Quand une star de télévision doit réapprendre à habiter son corps

Le portrait télévisé a été tourné chez elle, à Vaison-la-Romaine. Cadre familier, lumière du Sud, objets du quotidien. Rien d’un plateau clinique. C’est précisément ce contraste qui frappe. On attendait peut-être une convalescence, un temps de repos, une convalescence encore négociable. On découvre une bascule. Depuis un an, la mobilité s’effrite. Depuis six mois, la marche a disparu. Plus d’opération envisageable. Plus de promesse chirurgicale à brandir comme une planche de salut. Il reste le fauteuil, la maison à réorganiser, et une personnalité qui refuse de disparaître derrière le diagnostic.

Cette scène n’est pas un simple fait people. Elle ouvre une discussion plus vaste sur ce que le corps peut céder même après une vie de lutte, sur le lien entre une maladie génétique rare et une compression nerveuse du bas du dos, sur la manière dont une société regarde le handicap lorsqu’il survient sur un visage déjà connu pour sa différence. Mimie Mathy a passé des décennies à contrer les préjugés liés à la petite taille. Elle se retrouve aujourd’hui à devoir apprivoiser une autre forme de regard, celui que l’on pose sur une femme qui ne se lève plus.

Ce qu’il faut retenir d’emblée
Le syndrome de la queue de cheval comprime les racines nerveuses du bas de la colonne. Chez Mimie Mathy, il s’inscrit dans un terrain déjà fragilisé par l’achondroplasie. Quatre interventions n’ont pas permis de récupérer la marche. Le combat bascule désormais vers l’adaptation et la dignité du quotidien.

Les mots crus d’une comédienne qui refuse le silence

Face à la caméra, elle ne recouvre pas la réalité d’un vernis de formule toute faite. Elle dit la dégradation récente.

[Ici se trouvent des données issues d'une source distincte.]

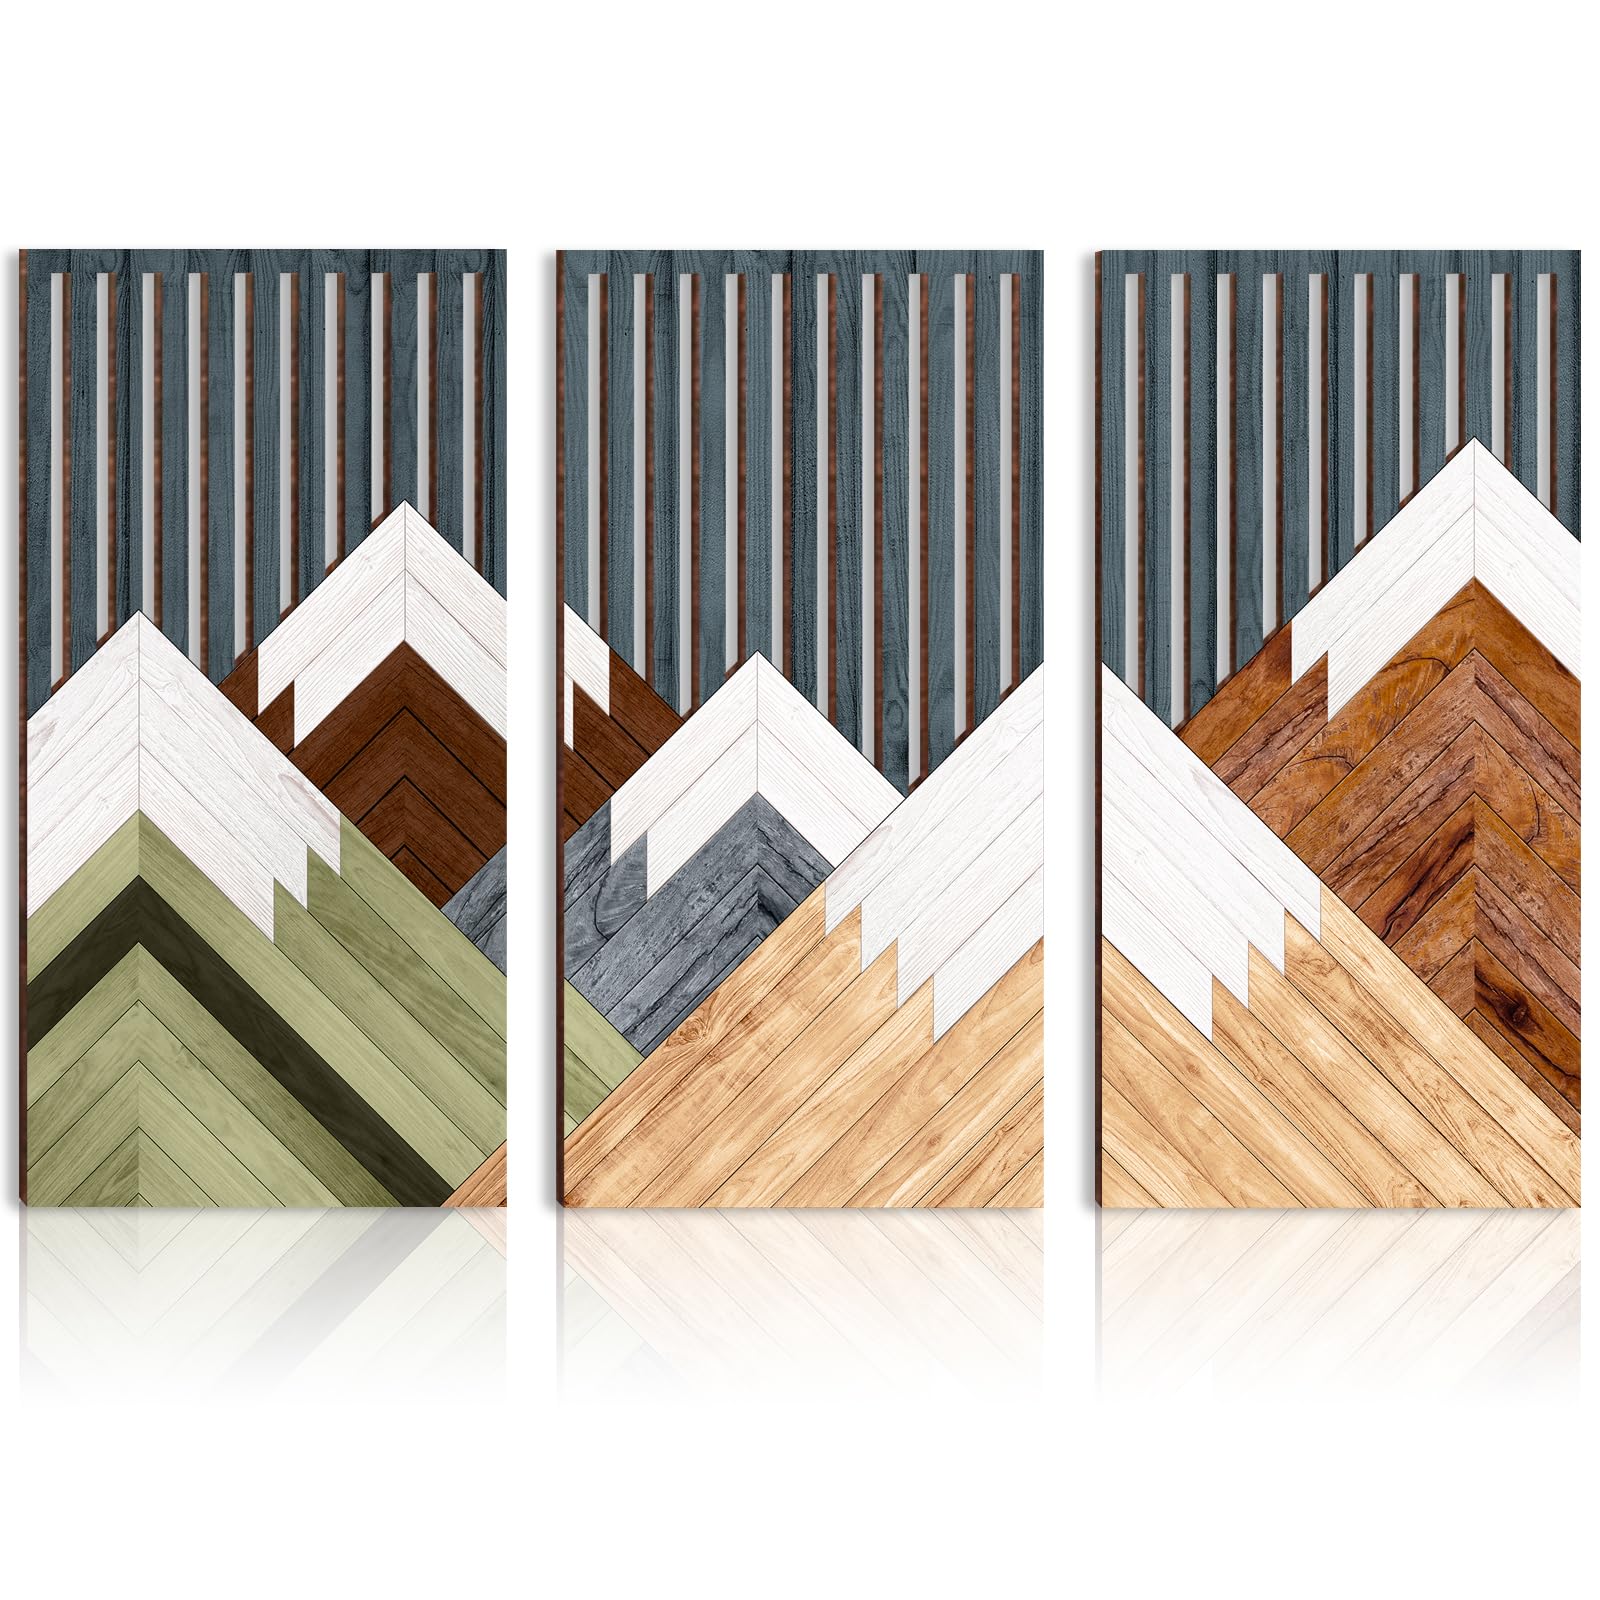 Mua IARTTOP Abstract Mountain Wall Art Geometric Forest Nature ...
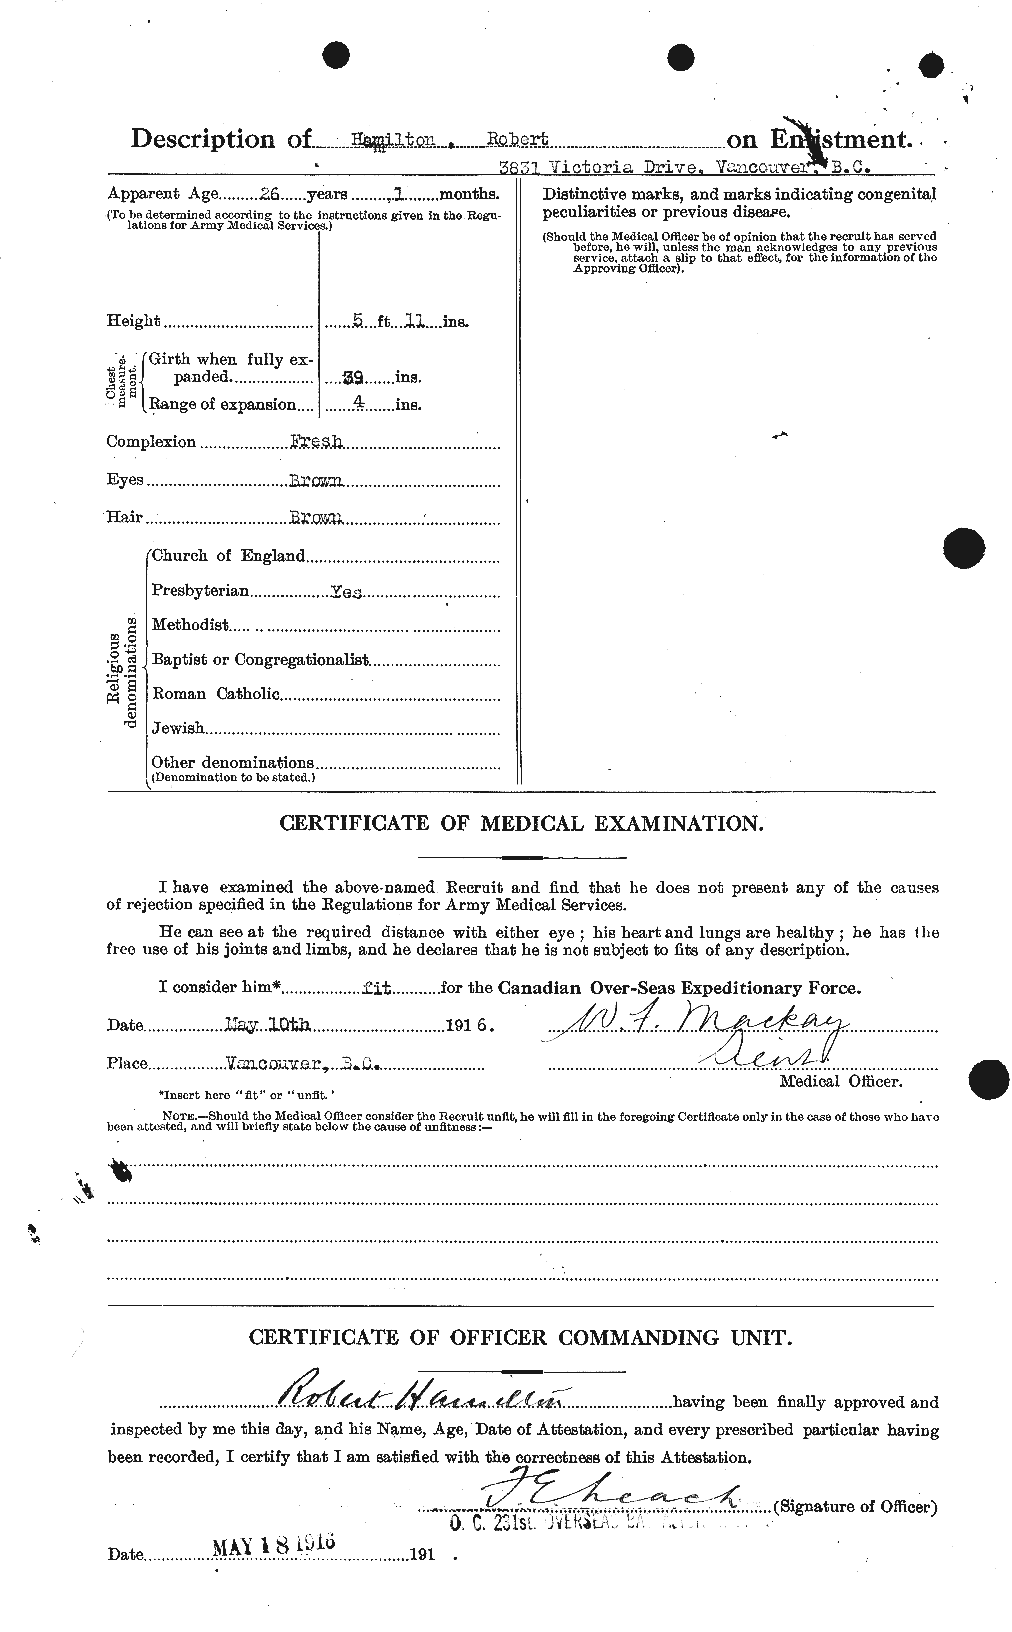 Personnel Records of the First World War - CEF 373234b

Elle dit l’arrêt brutal de la marche. Elle dit aussi l’absence de solution opératoire restante. Ces phrases, courtes, presque sèches, portent plus de poids que n’importe quel communiqué médical. Elles dessinent une ligne de fracture entre un avant encore mobile et un après assis, définitif ou presque.

Ça s’est dégradé depuis un an. Mais depuis six mois, je ne marche plus du tout.

On sent, dans ce récit, le temps qui s’est contracté. Un an pour voir le sol se dérober. Six mois pour constater que les jambes ne répondent plus. La chronologie est implacable. Elle n’a rien d’un drame scénarisé. Elle ressemble plutôt à ces glissements cliniques que les patients décrivent trop souvent trop tard : une douleur qui s’installe, une force qui fond, une autonomie qui se rétrécit pièce après pièce.

Mimie Mathy ajoute qu’il n’y a plus d’opération possible. La formule clôt une saison médicale. Elle ne ferme pas la vie. Mais elle change le contrat. Tant que la chirurgie reste une option, l’esprit s’accroche à un après meilleur. Quand cette option s’éteint, il faut reconstruire un horizon sans la promesse du pas retrouvé. C’est précisément là que le récit bascule de l’urgence thérapeutique vers le travail d’acceptation.

Quatre opérations, un canal trop étroit, un espoir qui s’use

Avant le fauteuil, il y a eu le bloc. Quatre fois. L’objectif n’avait rien d’abstrait : élargir le canal rachidien, dégager les racines nerveuses qui commandent les jambes, tenter de rendre de l’espace à un faisceau déjà trop comprimé. Sur le papier, la logique est limpide. Dans un dos déjà façonné par l’achondroplasie, elle se heurte à une anatomie particulière, plus étroite, plus contrainte, plus exposée aux récidives.

Chaque intervention porte en elle une espérance. On imagine le réveil, la rééducation, le premier appui, la première longueur de couloir. Puis le corps répond autrement. La compression revient, ou ses conséquences demeurent. Les nerfs, une fois trop longtemps agressés, ne se comportent pas comme un câble que l’on reconnecte. Ils peuvent garder la mémoire de la souffrance, perdre une partie de leur message, laisser le muscle orphelin d’un ordre clair.

C’est l’une des cruautés de cette pathologie. On opère pour éviter le pire, parfois pour limiter les dégâts, rarement avec la garantie d’une restitution complète. Dans les formes les plus sévères, la perte d’usage des membres inférieurs s’installe comme un état, non comme un intermède. Mimie Mathy décrit aujourd’hui ce point de non-retour chirurgical. Le fauteuil n’est plus un outil transitoire. Il devient le partenaire d’une nouvelle chorégraphie domestique.

Avant
Douleurs lombaires, perte progressive de force, espoir d’une libération nerveuse au bloc.
Après
Marche absente depuis six mois, domicile adapté, combat déplacé vers l’autonomie quotidienne.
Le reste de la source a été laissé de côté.